◆ **WHAT YOU SHOULD DO**:
Exact copies of the lines below are the goal; any images in them are dropped.

◆ **SUPPLIED MATERIAL**:
=== Section Start ===

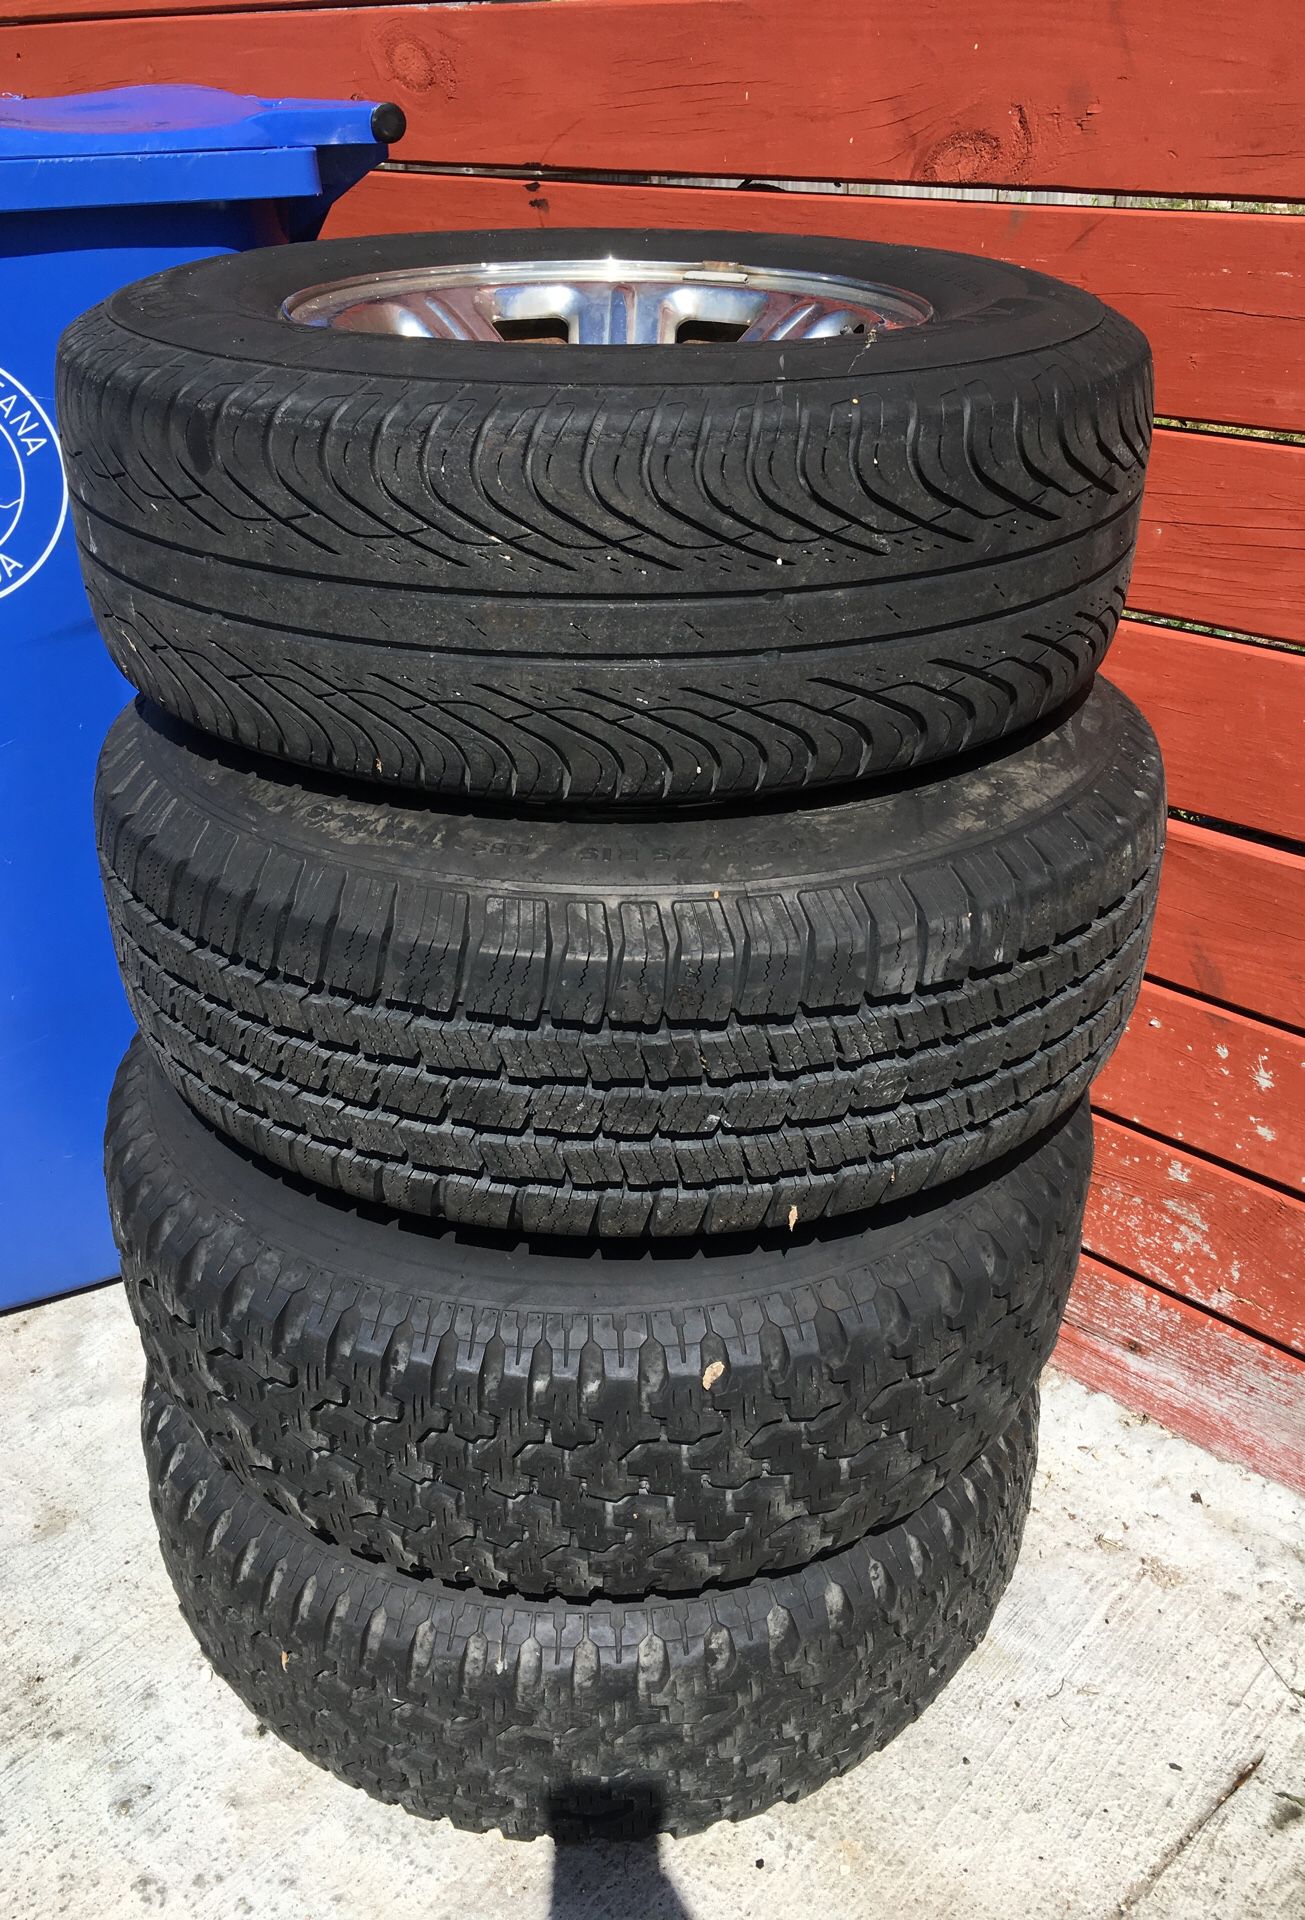 2002 ford ranger tires and rims 235/70r15
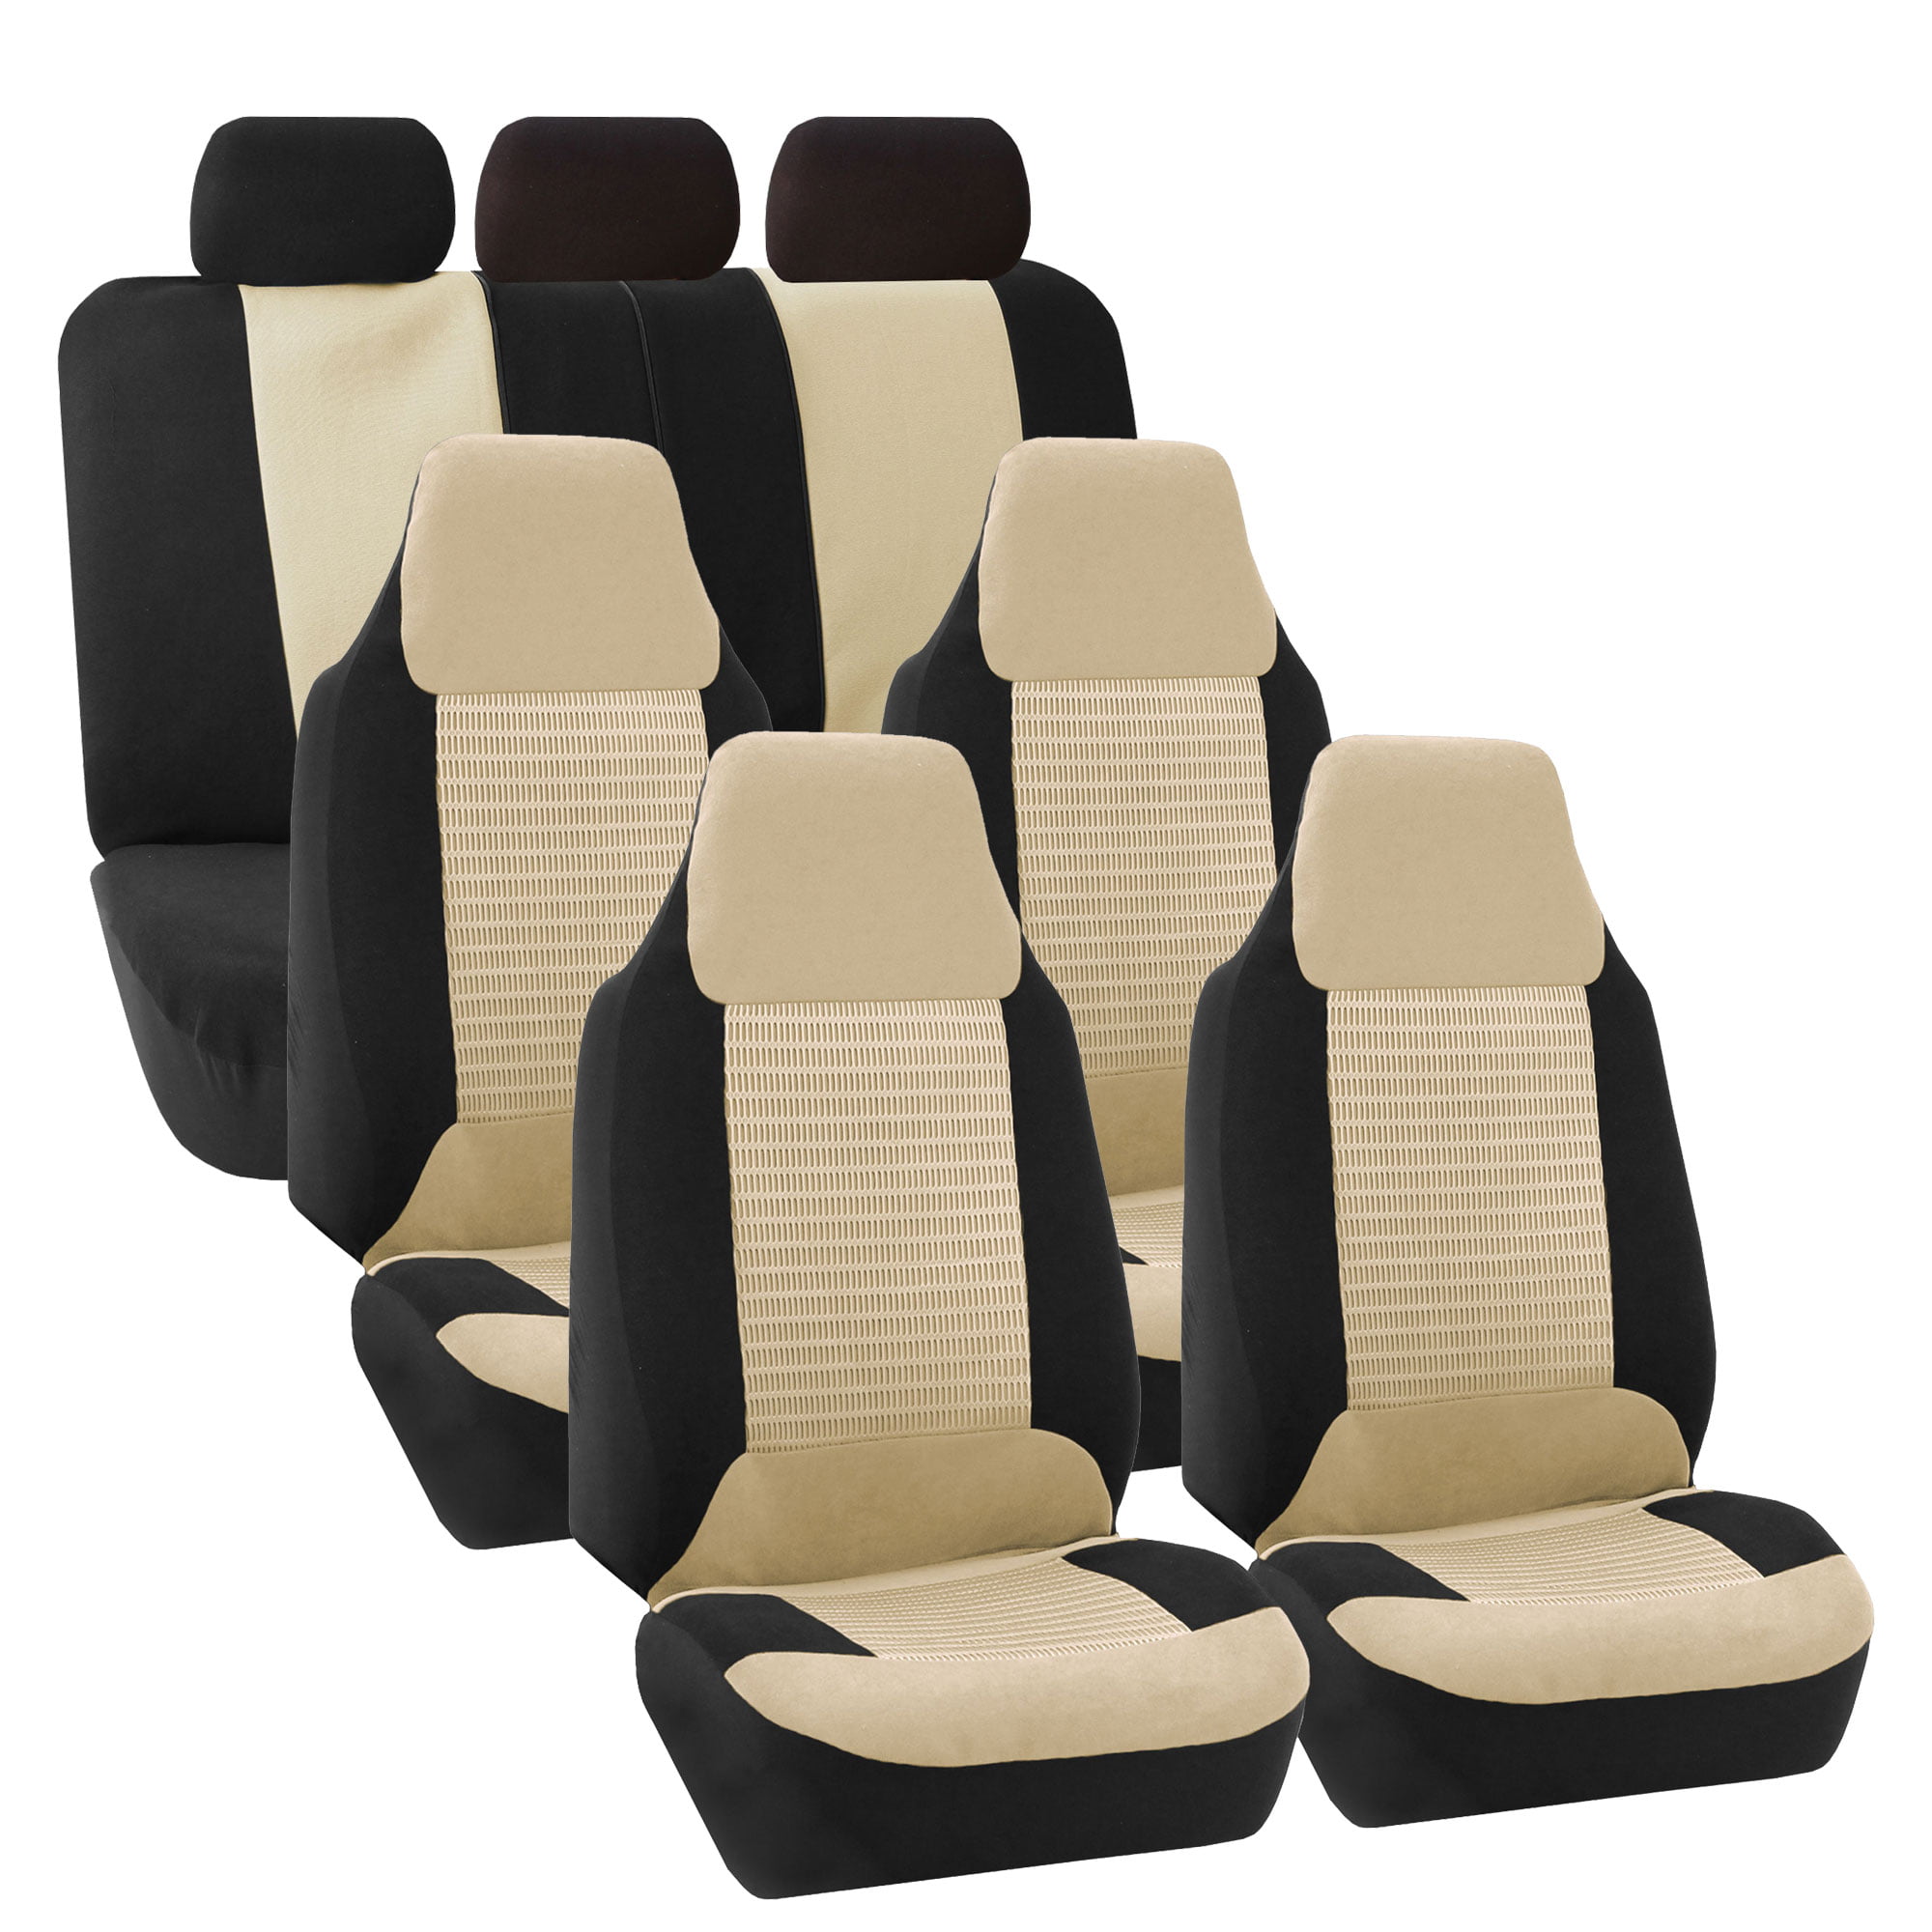 FH Group 3 Row Highback Trendy Corduroy Car Seat Covers for Car SUV, 7
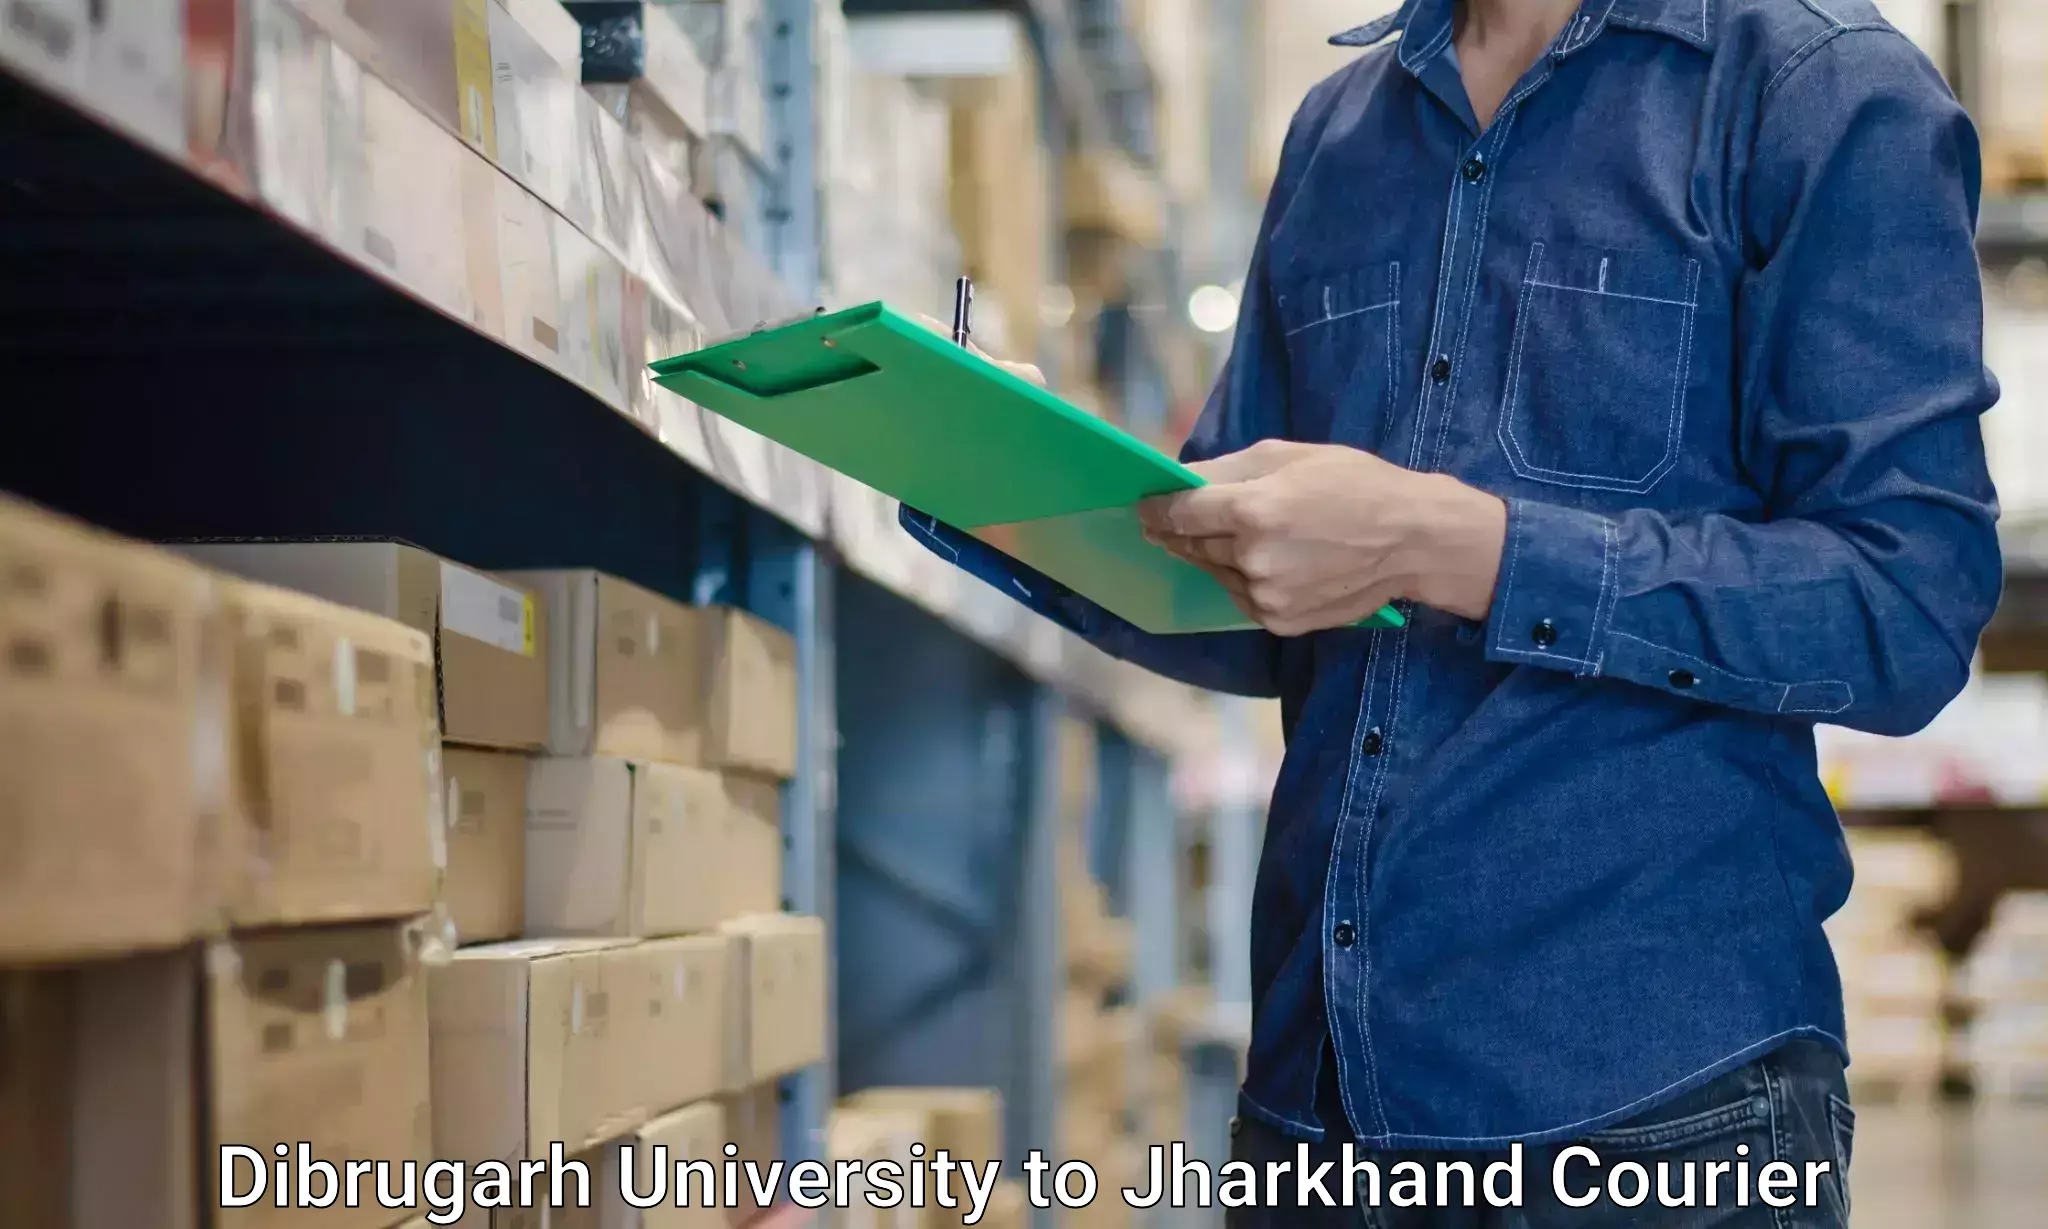 Tailored moving services Dibrugarh University to Mahagama

=== Section End ===

◆ **RESULT OF THE EXERCISE**:
 2002 ford ranger tires and rims 235/70r15
 FH Group 3 Row Highback Trendy Corduroy Car Seat Covers for Car SUV, 7
 Tailored moving services Dibrugarh University to Mahagama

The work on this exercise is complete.